--- Your task ---
From the entries below, reproduce exactly the lines from the one with "Presidenta de hoteleros" through the one with "16 Garden Basket", both included, without images.

--- Recorded data ---
▶

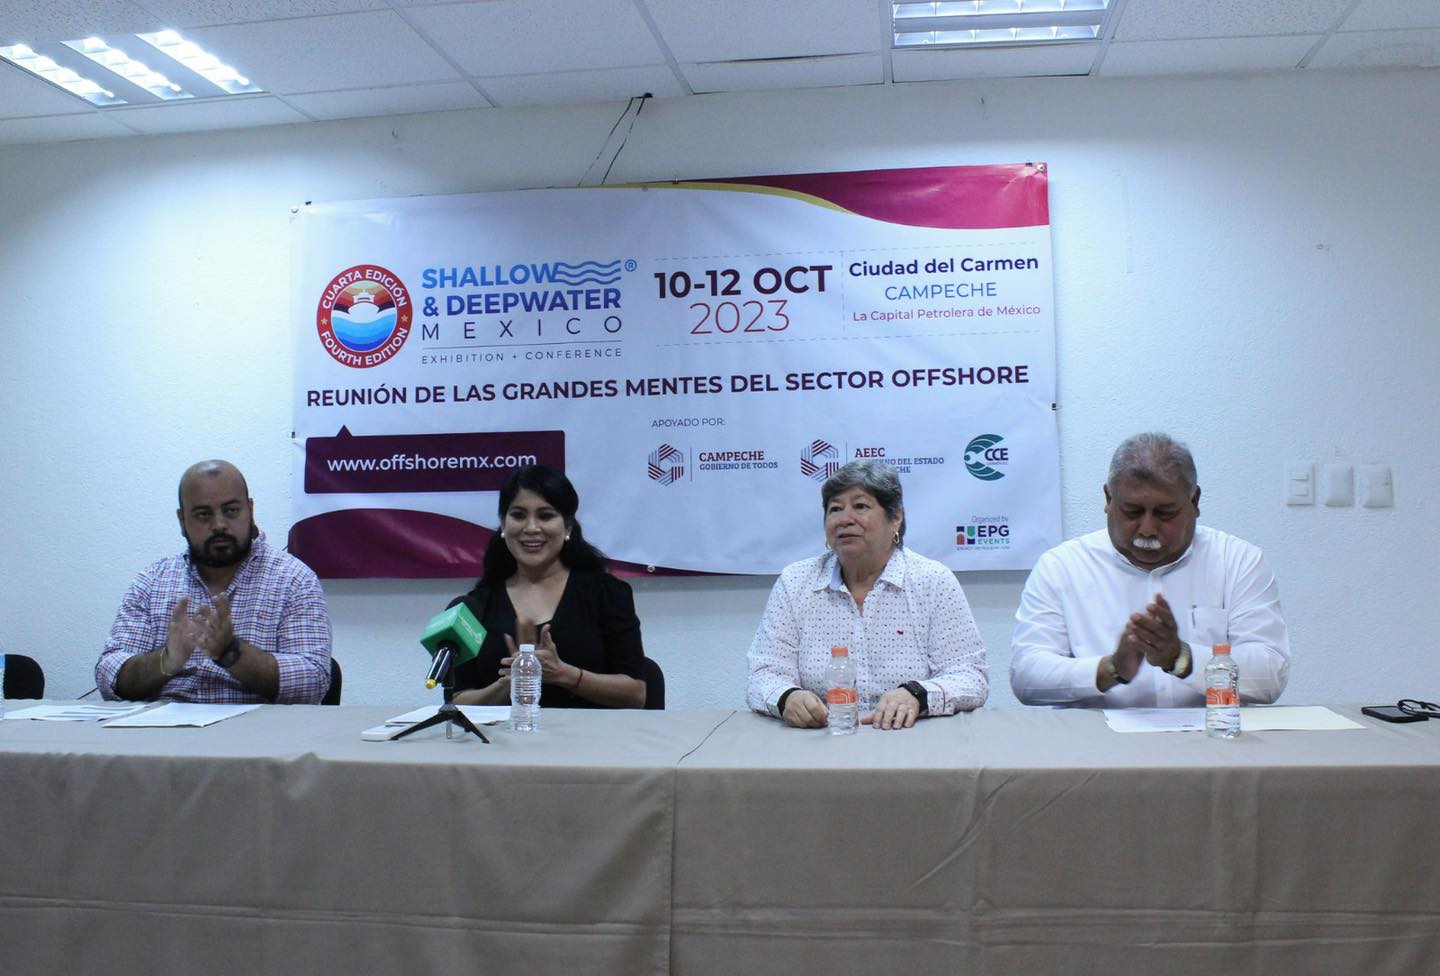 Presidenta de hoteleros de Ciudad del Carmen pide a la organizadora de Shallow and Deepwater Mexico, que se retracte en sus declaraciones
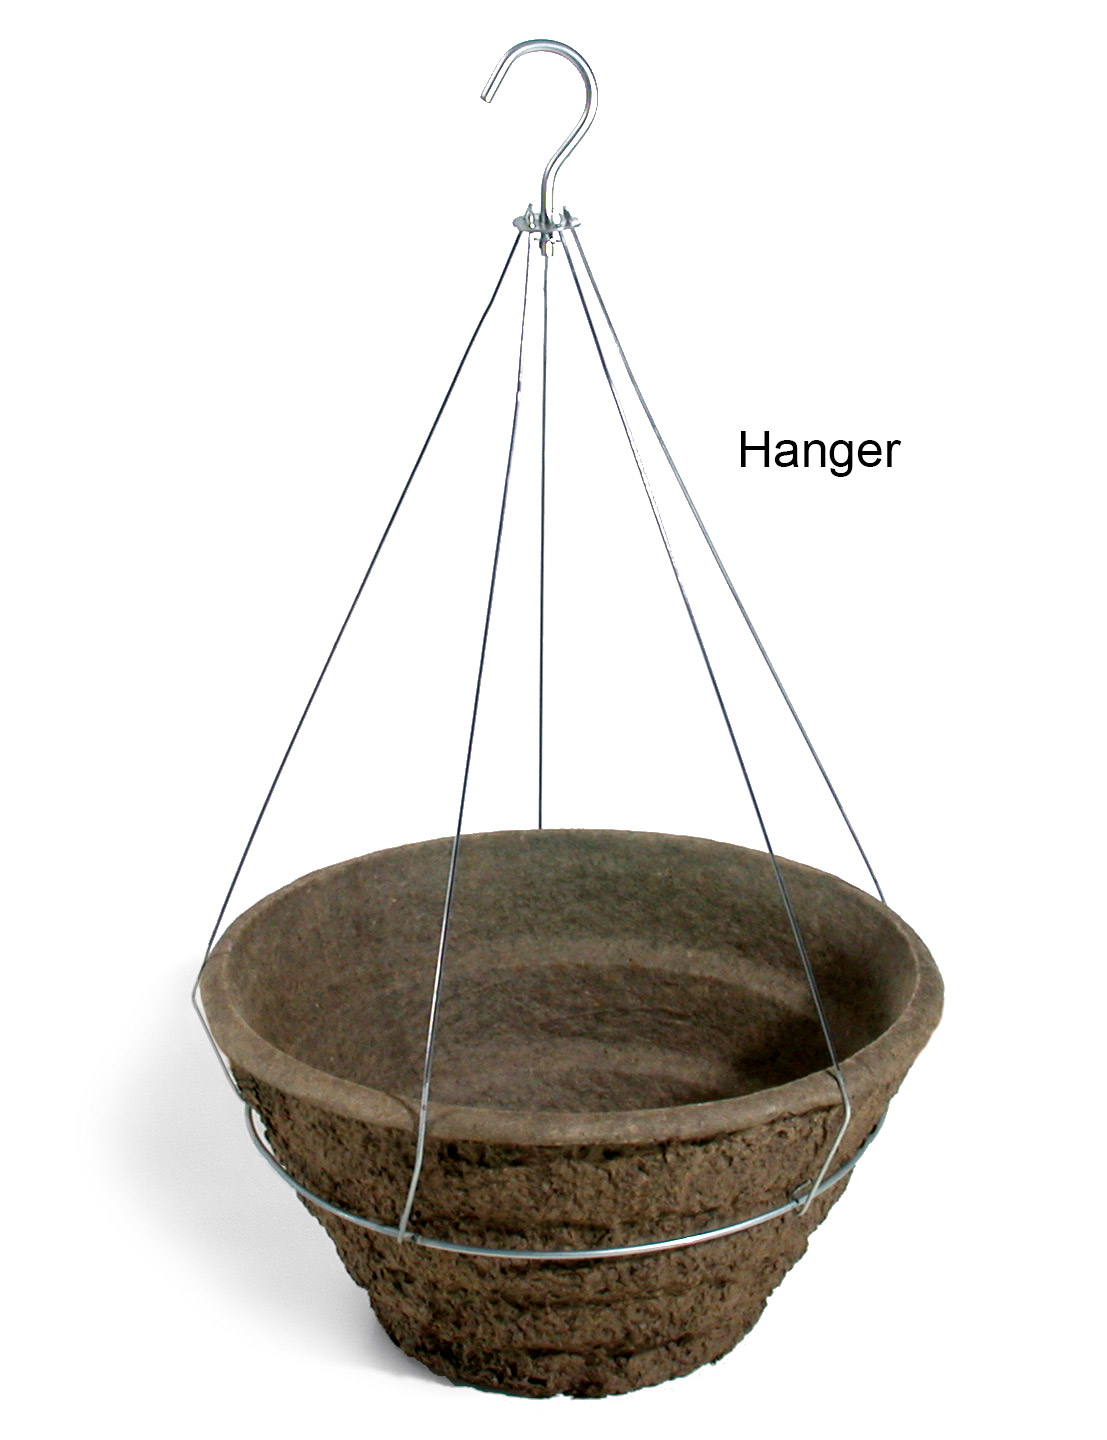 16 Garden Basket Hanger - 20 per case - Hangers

◀
▶

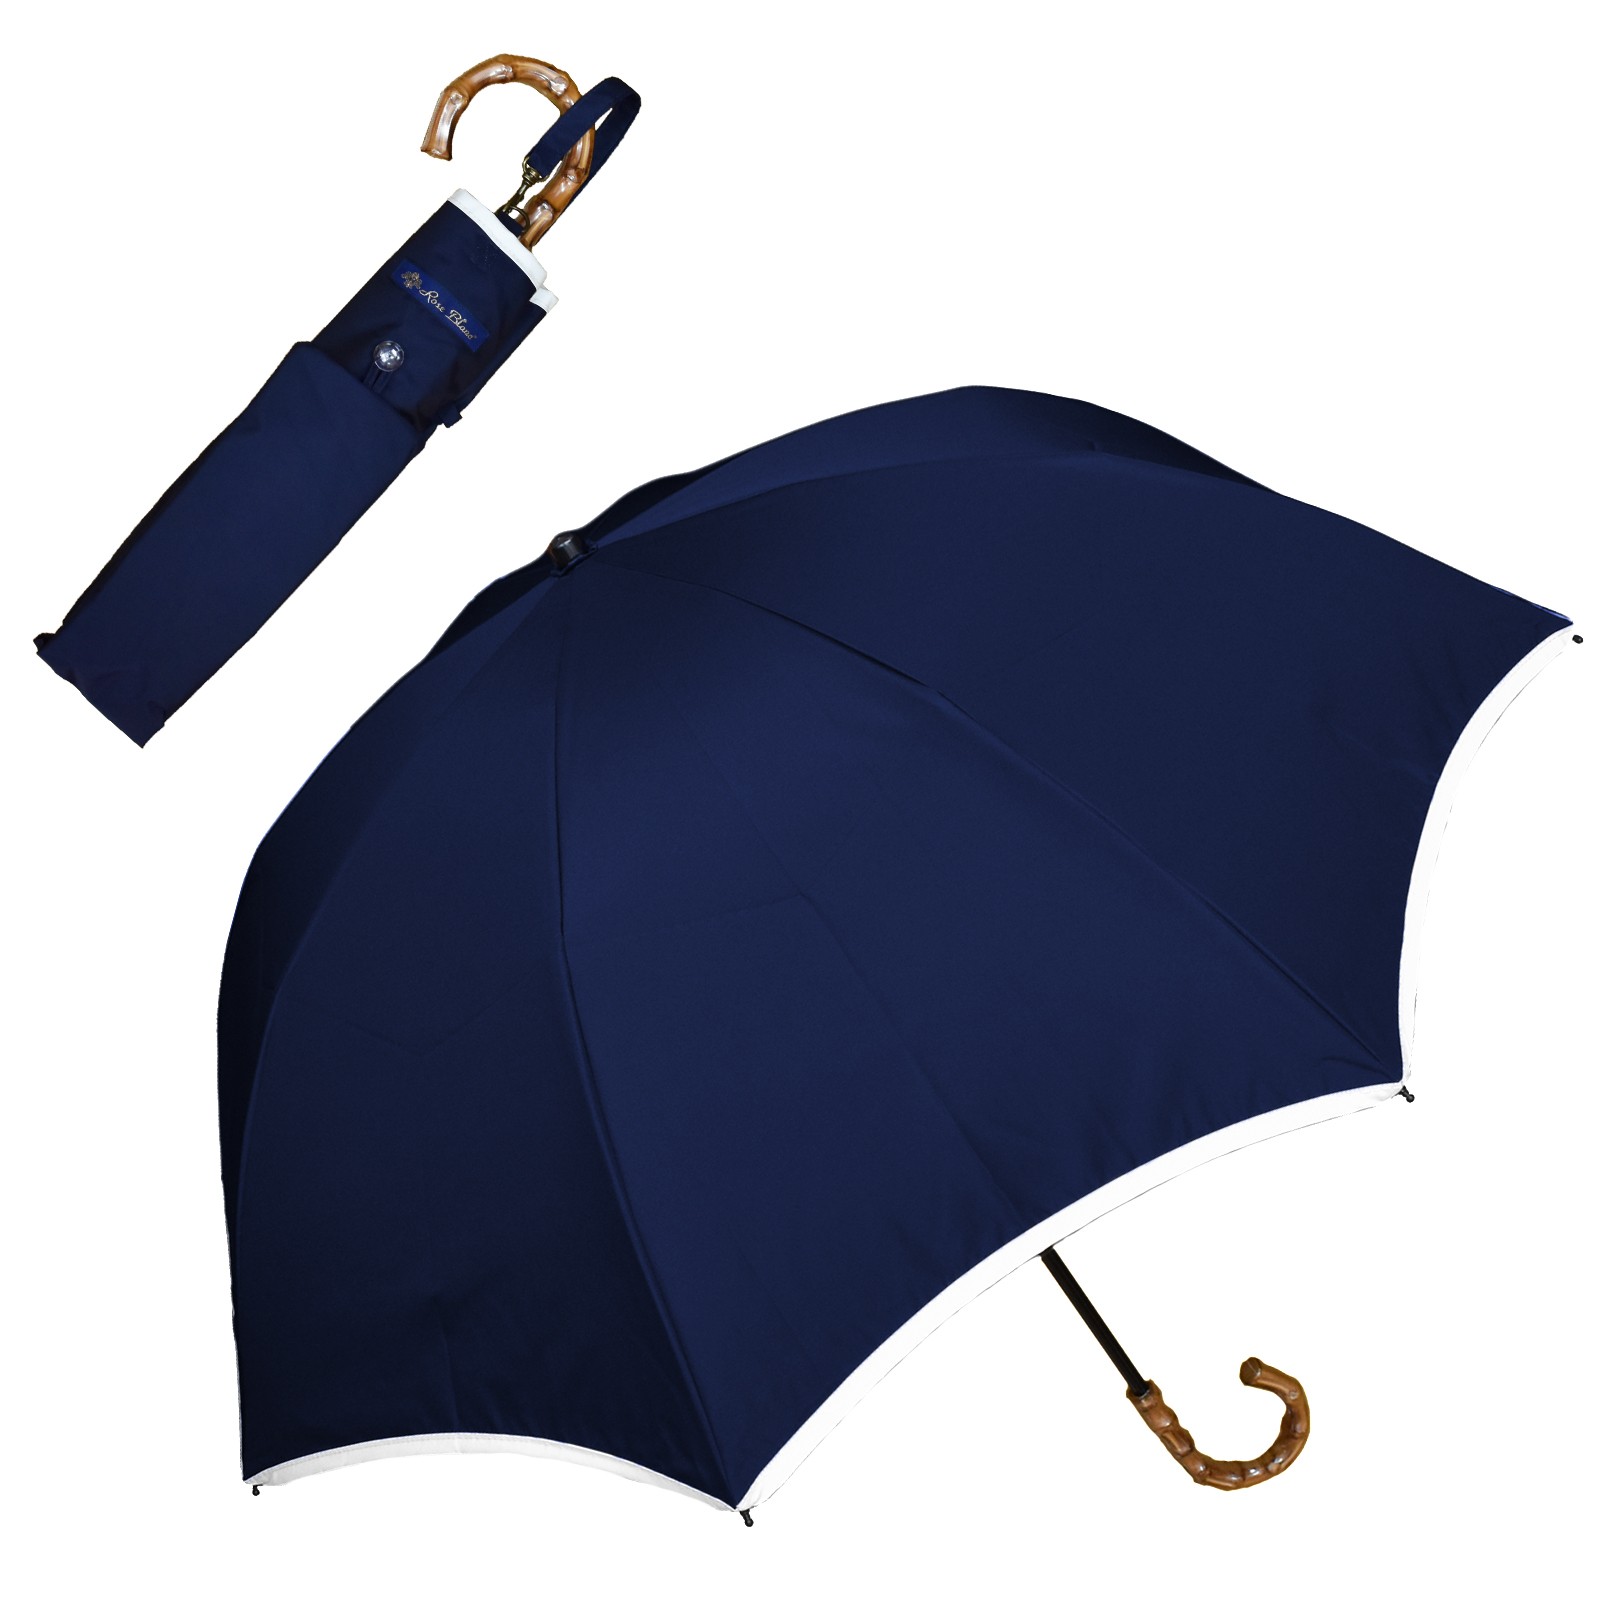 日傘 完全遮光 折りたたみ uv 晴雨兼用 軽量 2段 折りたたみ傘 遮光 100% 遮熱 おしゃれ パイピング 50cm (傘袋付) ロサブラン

◀
▶

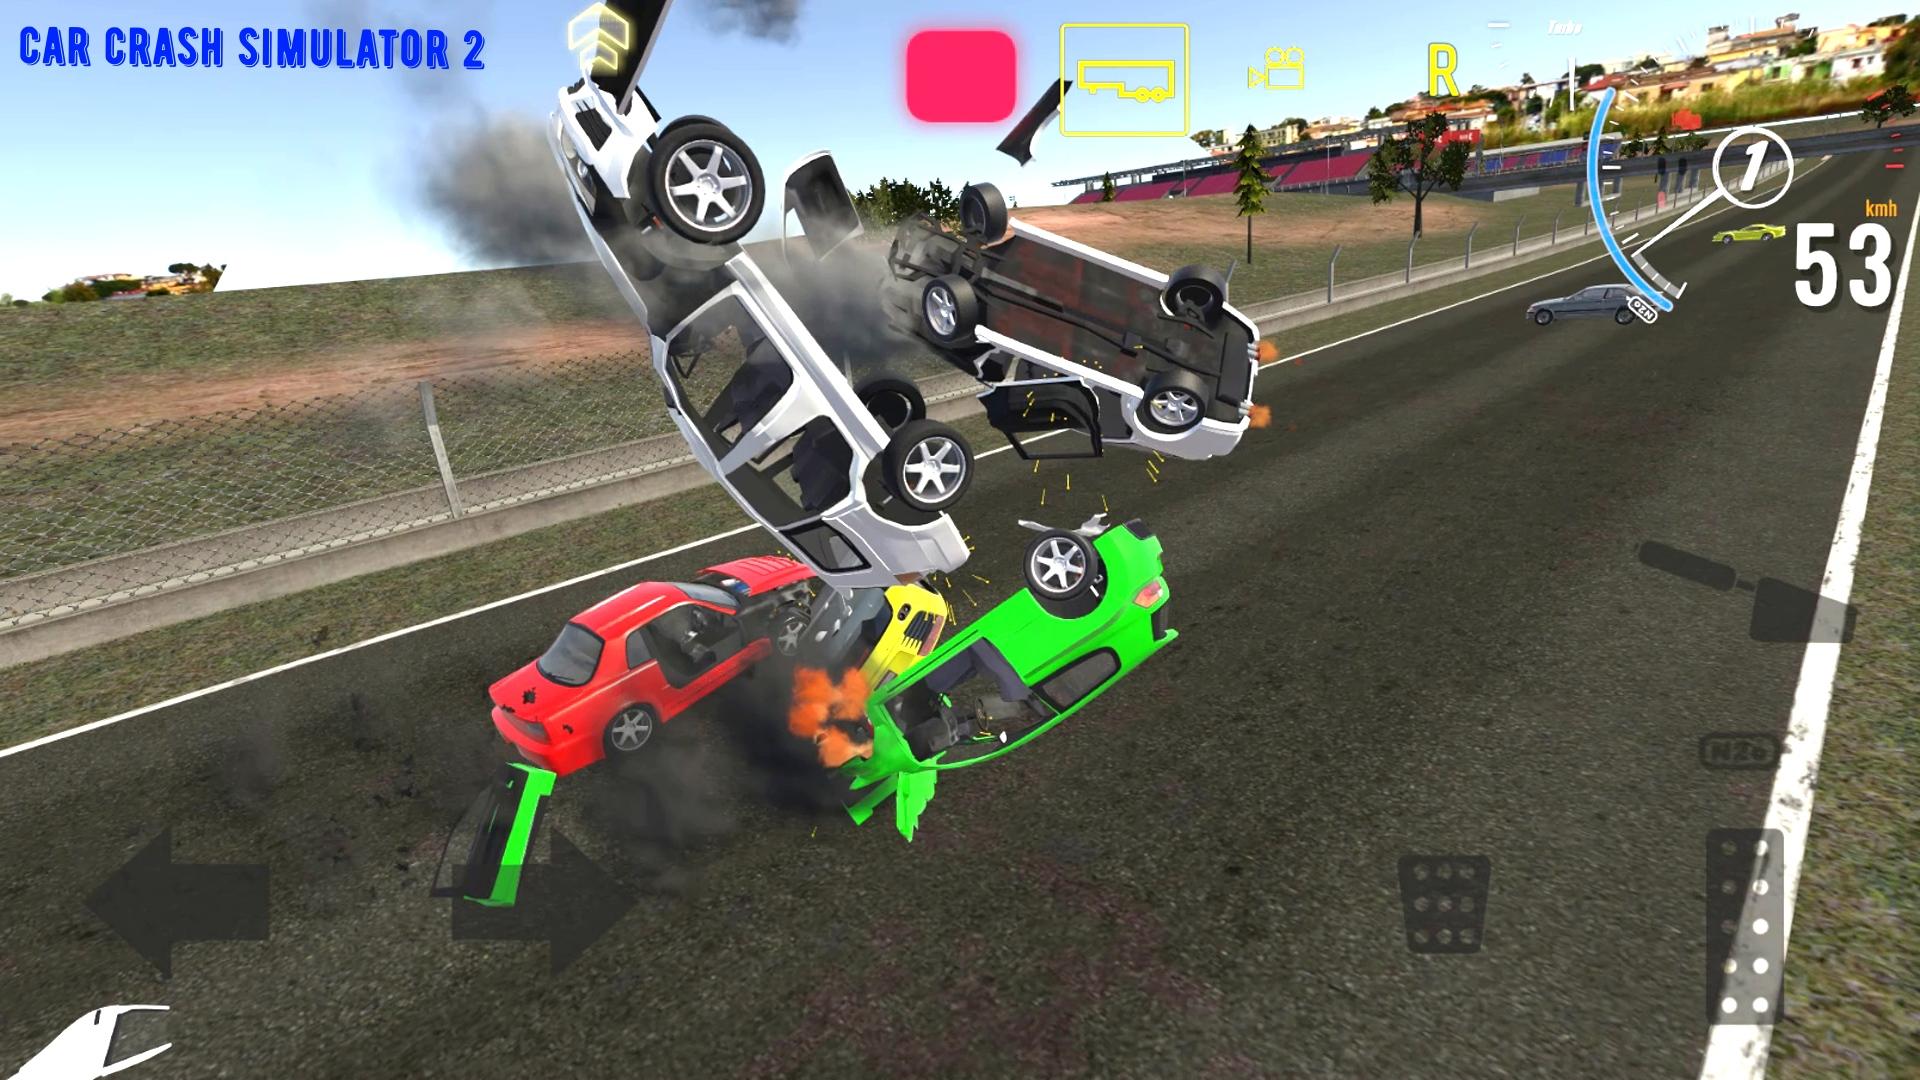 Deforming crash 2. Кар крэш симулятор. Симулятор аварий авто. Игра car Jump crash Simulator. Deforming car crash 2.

◀

--- Output below ---
 Presidenta de hoteleros de Ciudad del Carmen pide a la organizadora de Shallow and Deepwater Mexico, que se retracte en sus declaraciones
 16 Garden Basket Hanger - 20 per case - Hangers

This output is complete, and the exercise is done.